Short Sale and Forclosure
As unfortunate as it can be when homeowners fall behind on mortgage payments and must face the possibility of losing their homes, short sales and foreclosures provide them options for moving on financially. The terms are often used interchangeably, but they’re actually quite different, with varying timelines and financial impact on the homeowner. Here’s a brief overview.

Short Sale

A short sale comes into play when a homeowner needs to sell their home but the home is worth less than the remaining balance that they owe.
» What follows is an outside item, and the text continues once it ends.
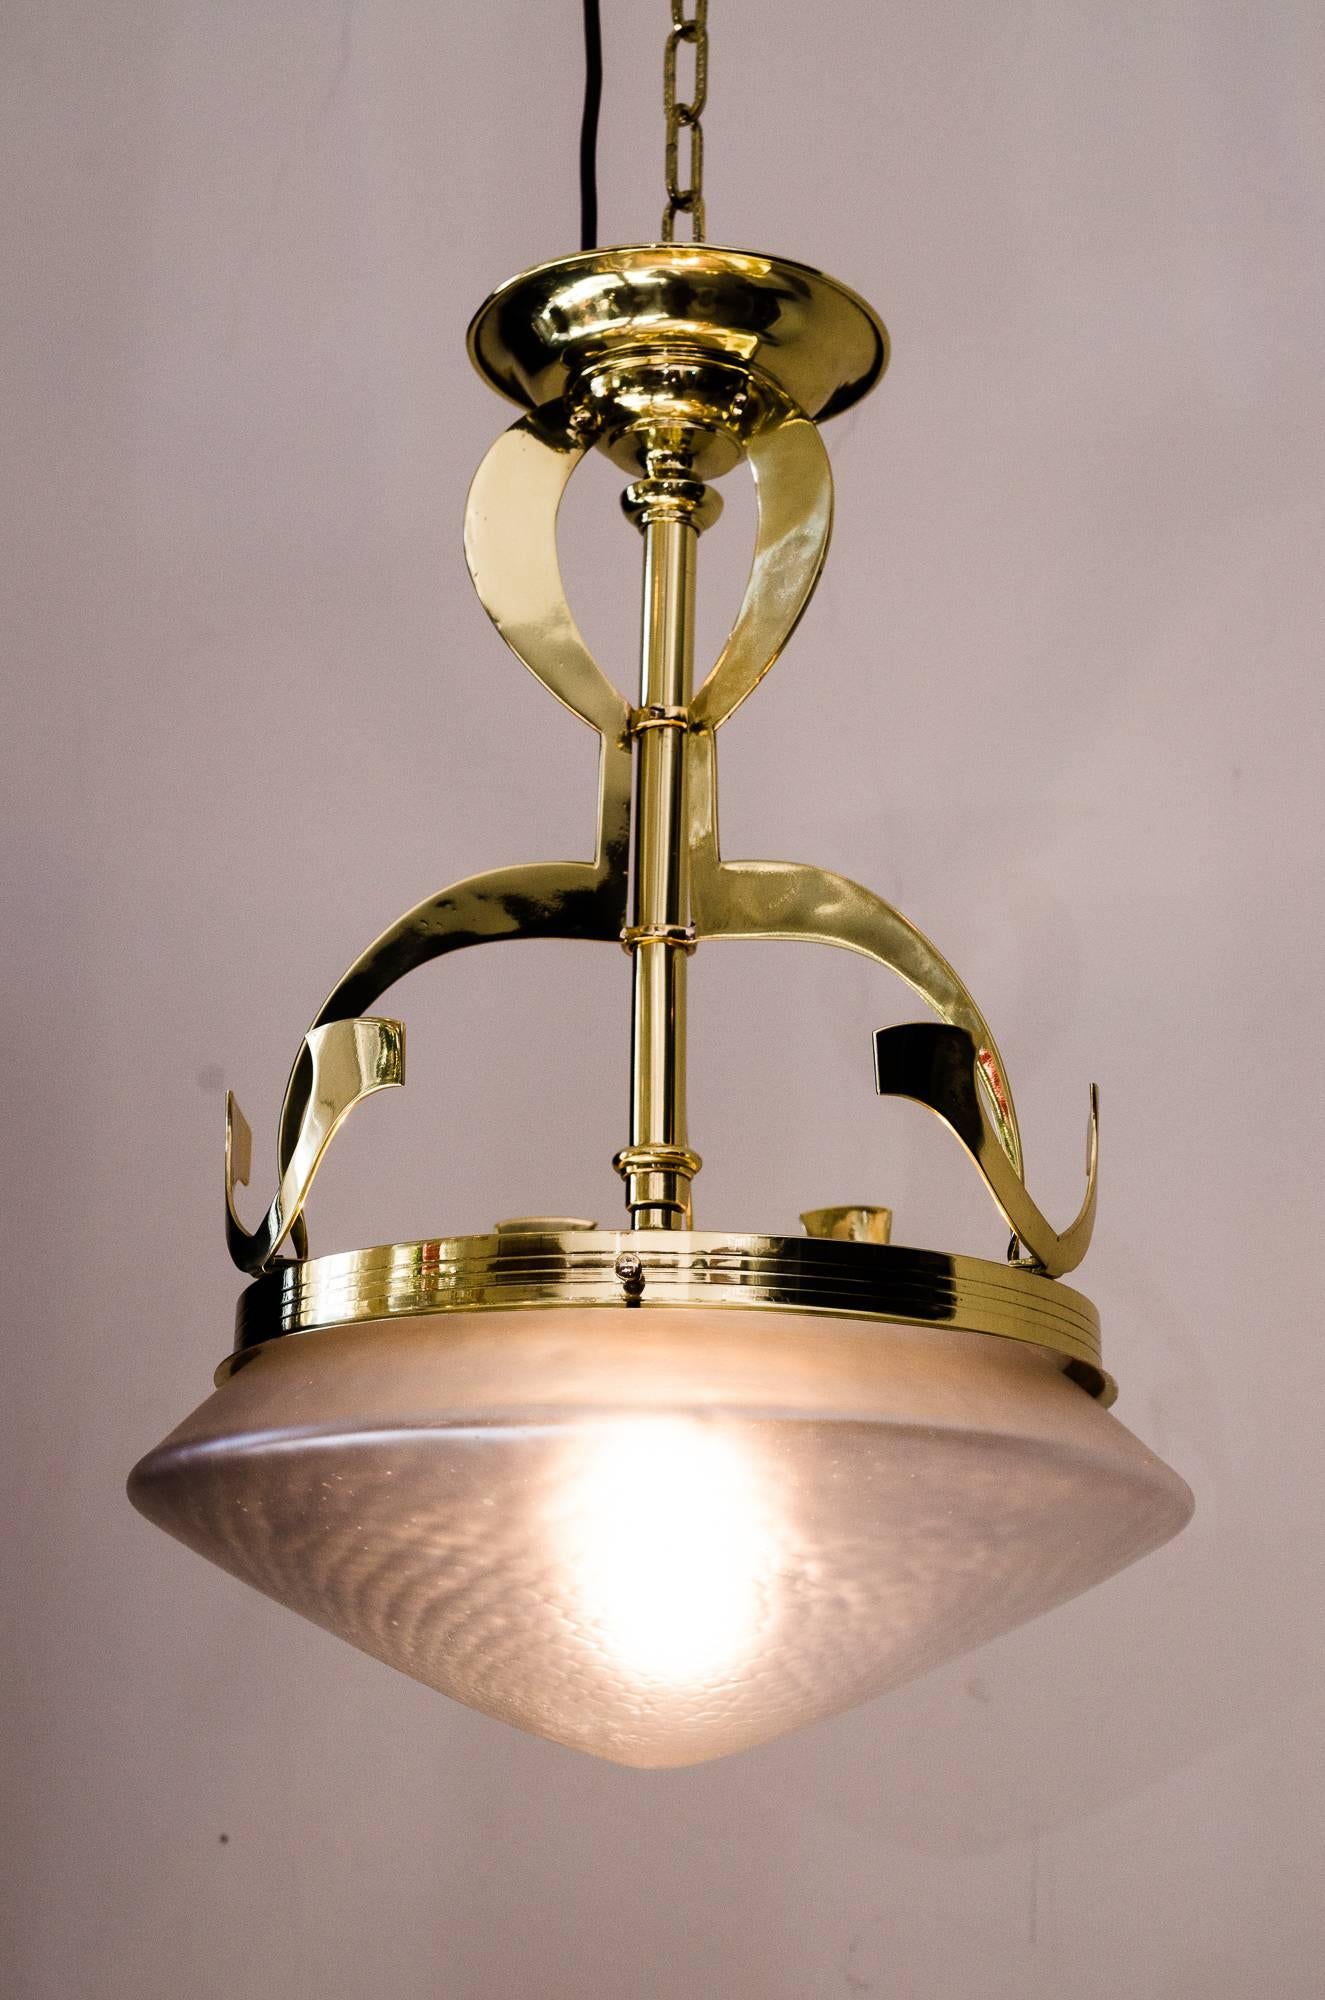 Lacquered Very Beautiful Jugendstil Ceiling Lamp, circa 1908

The lender can allow the homeowner to sell the home for less than the amount owed, freeing the homeowner from the financial predicament.

On the buyer side, short sales typically take three to four months to complete and many of the closing and repair costs are shifted from the seller to the lender.

Foreclosure

On the other hand, a foreclosure occurs when a homeowner can no longer make payments on their home so the bank begins the process of repossessing it. A foreclosure usually moves much faster than a short sale and is more financially damaging to the homeowner.

After foreclosure, the bank can sell the home in a foreclosure auction. For buyers, foreclosures are riskier than short sales. These homes can be more difficult to view, and depending on condition, harder to finance. Another drawback is that these homes typically have less seller information, such as a seller disclosure form, which makes a home inspection even more important.